To facilitate decision-making and priority-setting related to Alberta’s Pharmacogenomics (PGx) testing implementation strategy by identifying gene–drug pairs with the highest potential impact on prescribing practices in Alberta.
Patients and methods
Annual drug dispensing data for Alberta from 2012 to 2016 for 57 medications with PGx-based prescribing guidelines were obtained, along with population estimates and demographics (age and ethnicity). Frequencies of actionable PGx genotypes by ethnicity were obtained from the Pharmacogenomics Knowledgebase (PharmGKB). Annual dispensing activity for each of the 57 medications was calculated for the full population (all ages) and children/youth (0–19 years). Alberta ethnicity data were cross-referenced with genetic frequency data for each of the main ethnic groups from PharmGKB to estimate the proportion of individuals with actionable genotypes. Actionable genotype proportions and drug dispensing frequencies were collectively used to identify high impact gene–drug pairs.

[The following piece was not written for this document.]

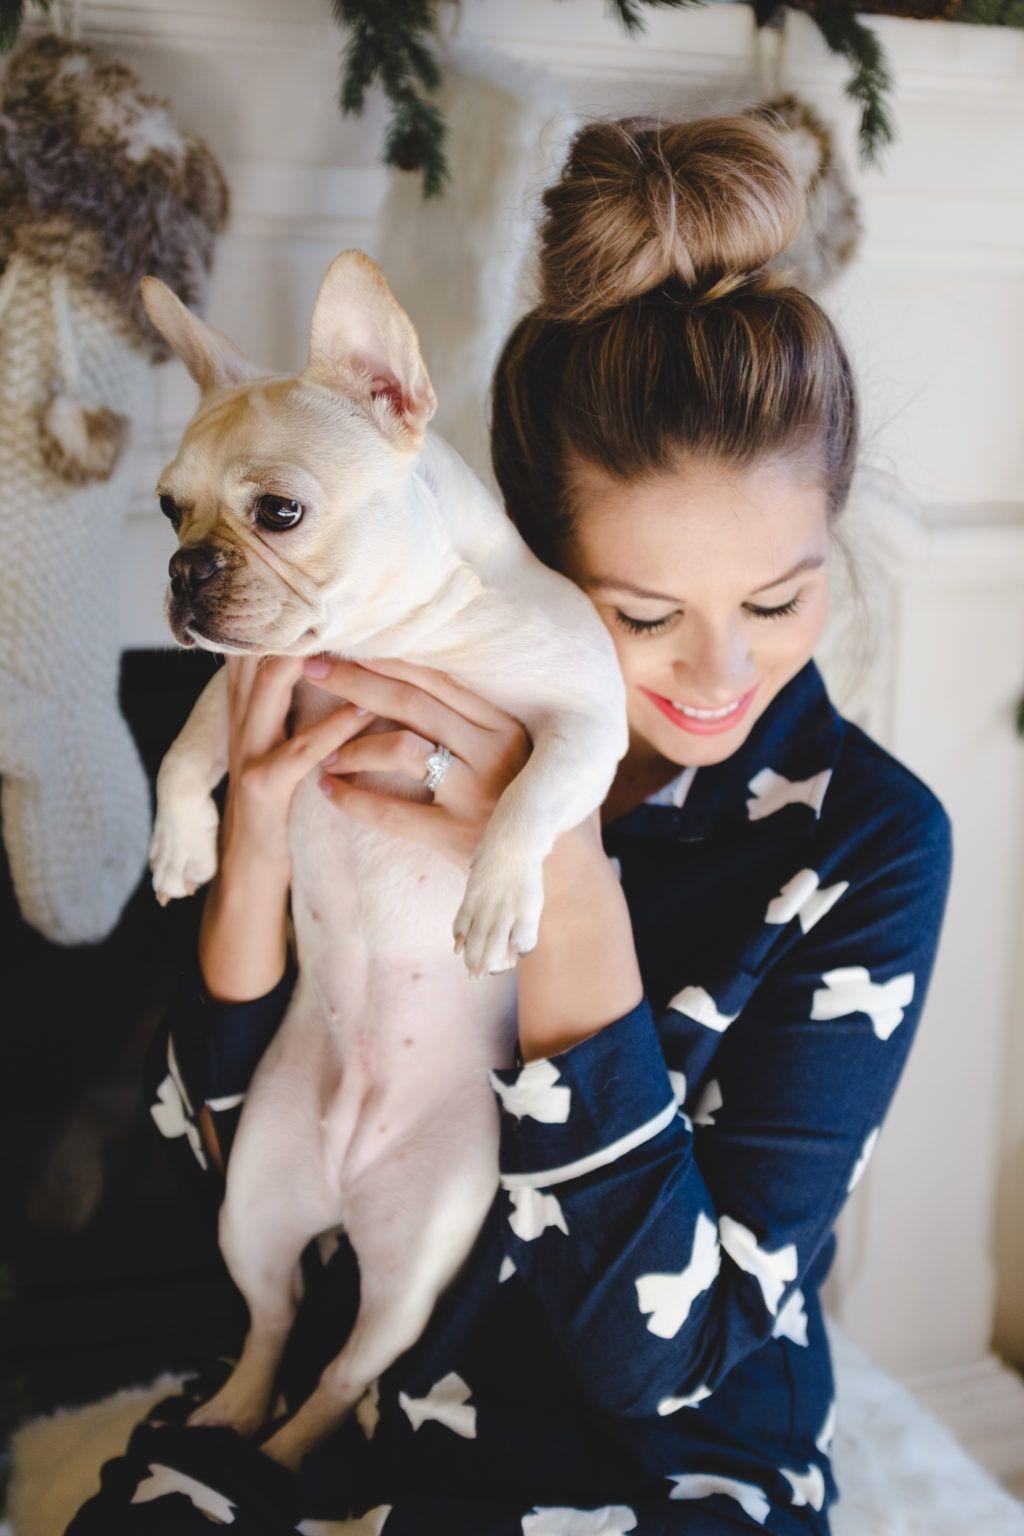 Holiday Gift Ideas Stocking Stuffers Bulldog Puppies French

We found (a) half of the drugs with PGx-based prescribing guidelines, namely, analgesics, proton pump inhibitors, psychotropics, and cardiovascular drugs, were dispensed at high frequencies (>1% of the entire population), (b) the dispensing rate for about one-third of these drugs increased over the 5-year study period, (c) between 1.1 and 45% of recipients of these drugs carried actionable genotypes, and (d) the gene–drug pairs with greatest impact in Alberta predominatly included CYP2C19 or CYP2D6.
We uncovered specific patterns in drug dispensing and identified important gene–drug pairs that will inform the planning and development of an evidenced-based PGx testing service in Alberta, Canada. Adaptation of our approach may facilitate the process of evidence-based PGx testing implementation in other jurisdictions.